Вот, коллега говорит, что время было у него, какие еще вопросы… А если представить себя на месте Ордынцева? Пришла она себе такая на работу, попивает чаек с сушечками, и тут бац! Одно за другим внезапно три расстрельных дела, которые необходимо срочно рассмотреть и вынести приговор, потому что если она этого не сделает, то всех троих к концу рабочего дня расстреляют без всякого суда. Уже солдаты стоят во дворе с заряженными пистолетами. И вот она судит изо всех сил, а у нее по плану сегодня был еще расписан Вася Иванов с квартирной кражей. Что делать? Отложить разбирательство или рассмотреть Васино дело на ходу в коридоре за те несколько минут, пока в зале идет смена подсудимых?

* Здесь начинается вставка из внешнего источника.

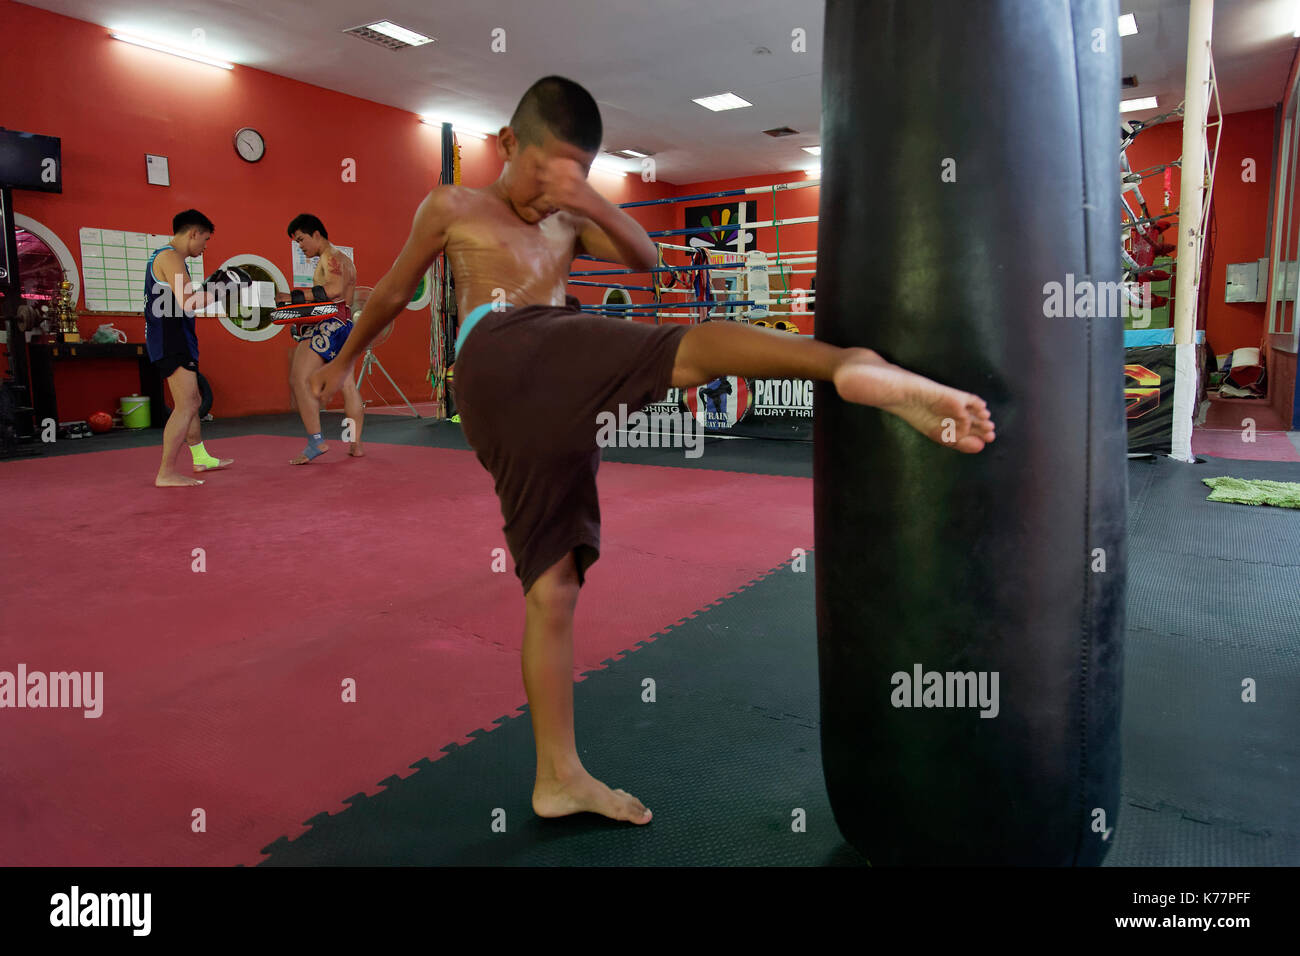 Muay thai gym in Thailand Stock Photo: 159367251 - Alamy
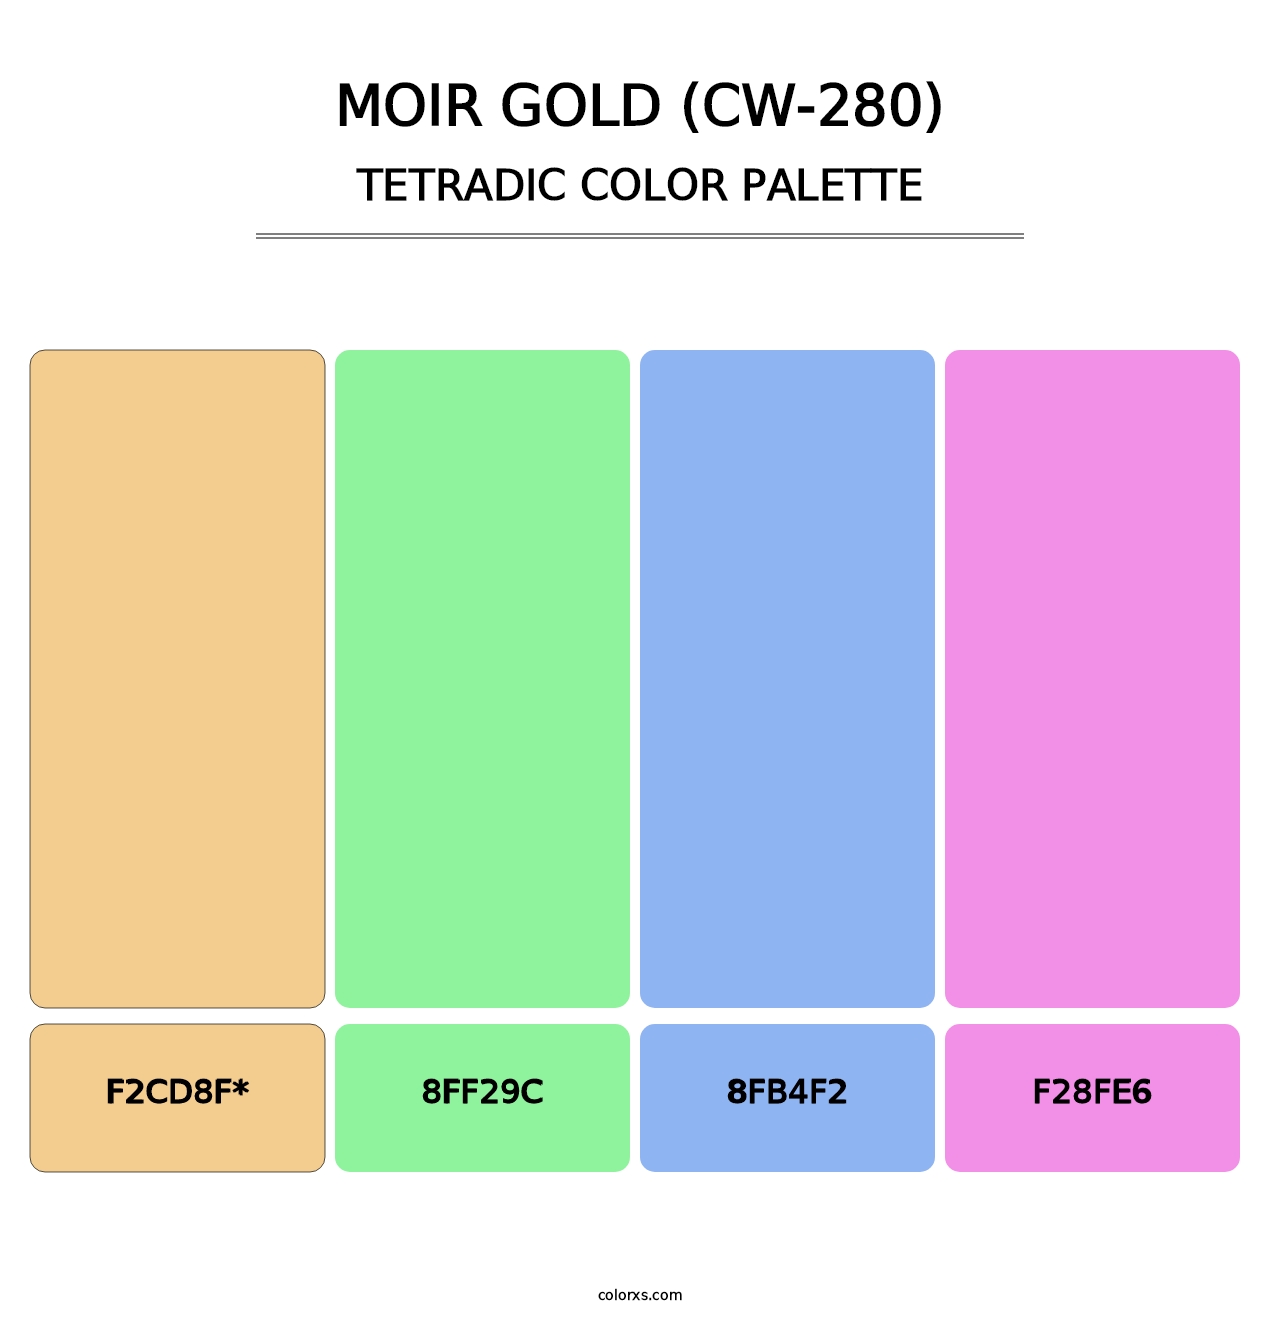 Moir Gold (CW-280) - Tetradic Color Palette

В этих фантастических для судьи, но вполне реальных для врача обстоятельствах она бы точно выбрала отложить Васю, а короткую передышку использовала для восстановления сил.

На свидетельское место поднялся профессор Тарасюк, импозантный мужчина средних лет в превосходном костюме-тройке, явно шитом на заказ. Сидя в декрете, Ирина слегка отвыкла от вида таких холеных мужиков и теперь с восторгом разглядывала его галстук: жемчужно-серый, в тонкую малиновую полоску, настоящее произведение искусства. У профессора было крупной лепки значительное лицо, будто созданное для студийных черно-белых фотографий, которые украшают развороты учебников, серьезной научной литературы и красуются на стендах «История кафедры».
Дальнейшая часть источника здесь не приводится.